Dr. Child: It seems likely that we will be "advancing on many fronts" in the battle against myeloma and it would be a mistake to give priority to more fundamental laboratory science rather than closely clinically linked research or, indeed, vice-versa. What is important is the ability to support promising areas of work flexibly. Communication between groups and the encouragement of cross-fertilisation of ideas is also something which needs active encouragement. The growth in research funding provided by the IMF is very much to be welcomed. I would hope that it will be possible to support many more researchers, in some cases enabling them to spend time at other centres and with other groups. This may well involve time in another country. As the IMF spreads its wings, it would seem entirely appropriate to encourage international research fellowships. Susie Novis has often emphasised the need for a worldwide effort without frontiers in the fight against myeloma. I am sure that we now need to provide some tangible initiatives to promote this.
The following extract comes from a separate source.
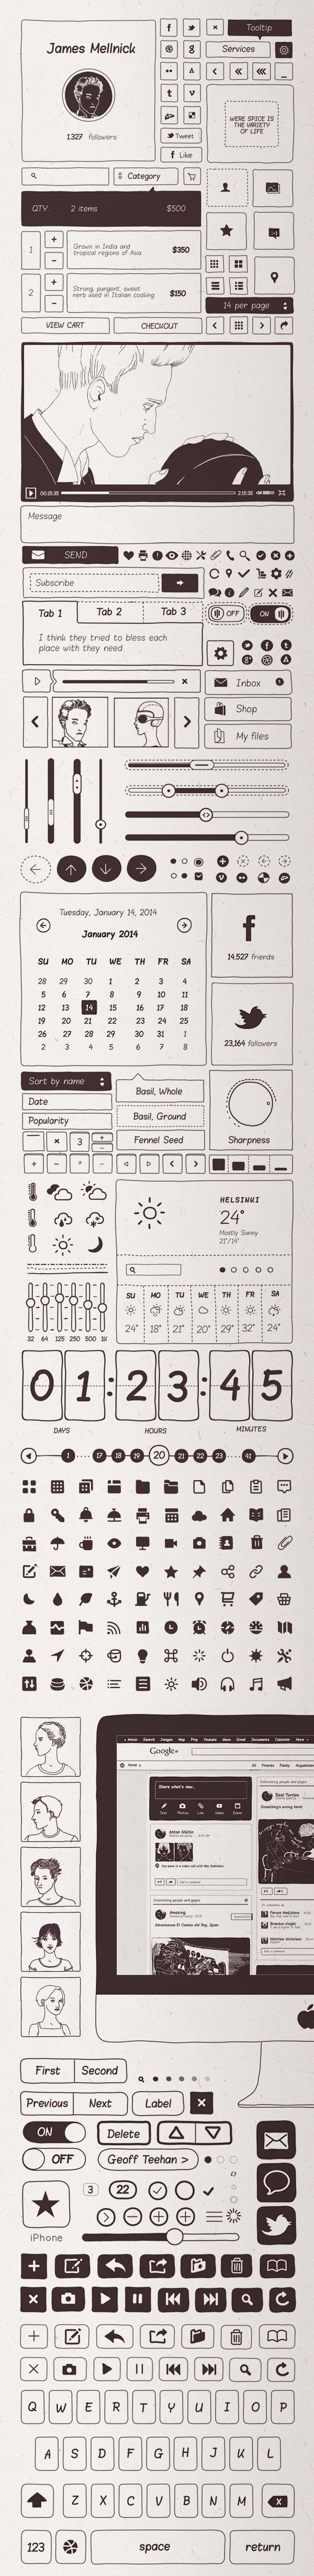 Basiliq-Freehand-UI-design-Kit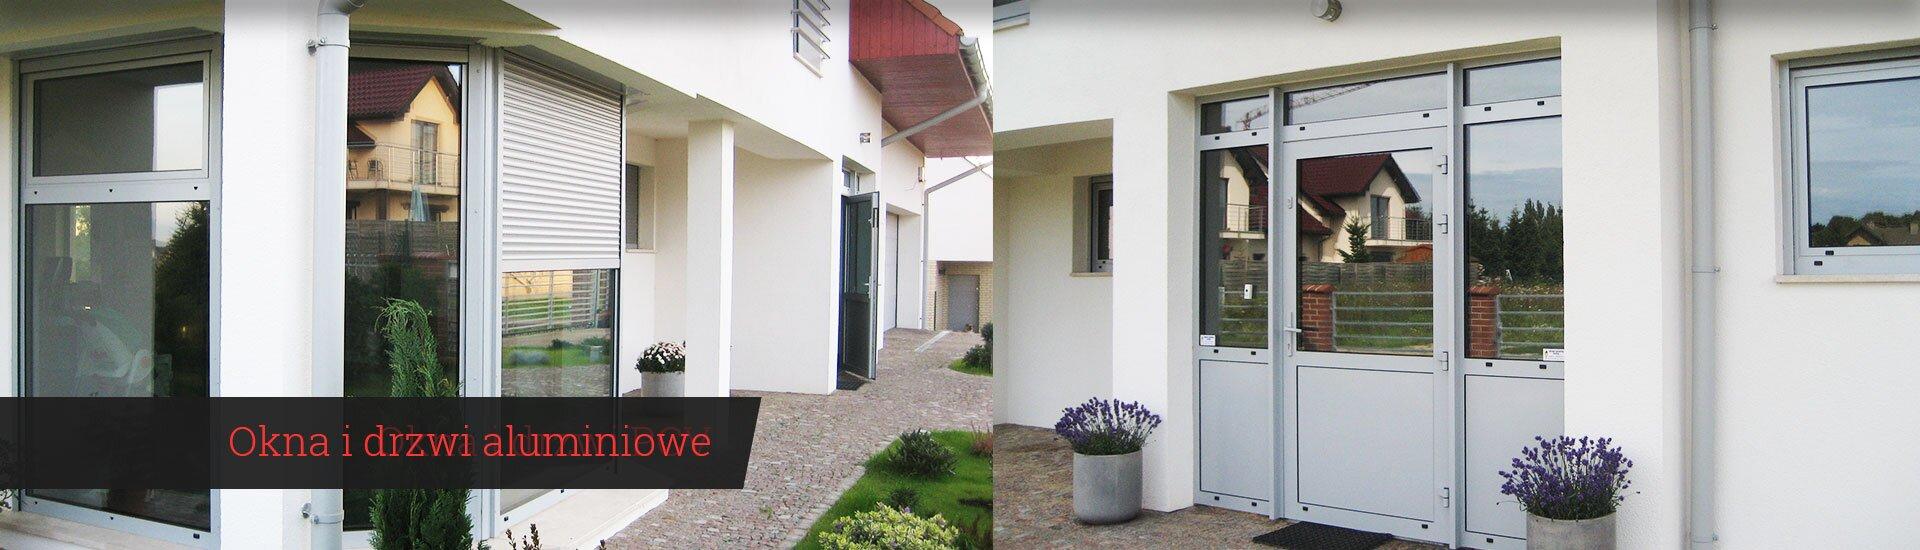 Okna i drzwi aluminiowe

MT: When do you think patients will have access to curative treatment and what form is this likely to take?
Dr. Child: Despite the genuine improvements in a range of treatment which all adds up to better clinical management of the disease we still seem to be only inching forward. The volume of scientific data on the nature of the disease has hugely increased in just a few years, however, and I sense that we are on the verge of exciting developments. Even if truly curative treatment is some way off, it does seem a distinct possibility that we will soon be able to devise strategies to suppress disease progression after reducing the level of disease to an extremely low level. Many patients today would be happy to achieve something short of cure if they were able to enjoy a normal quality of life in the long term.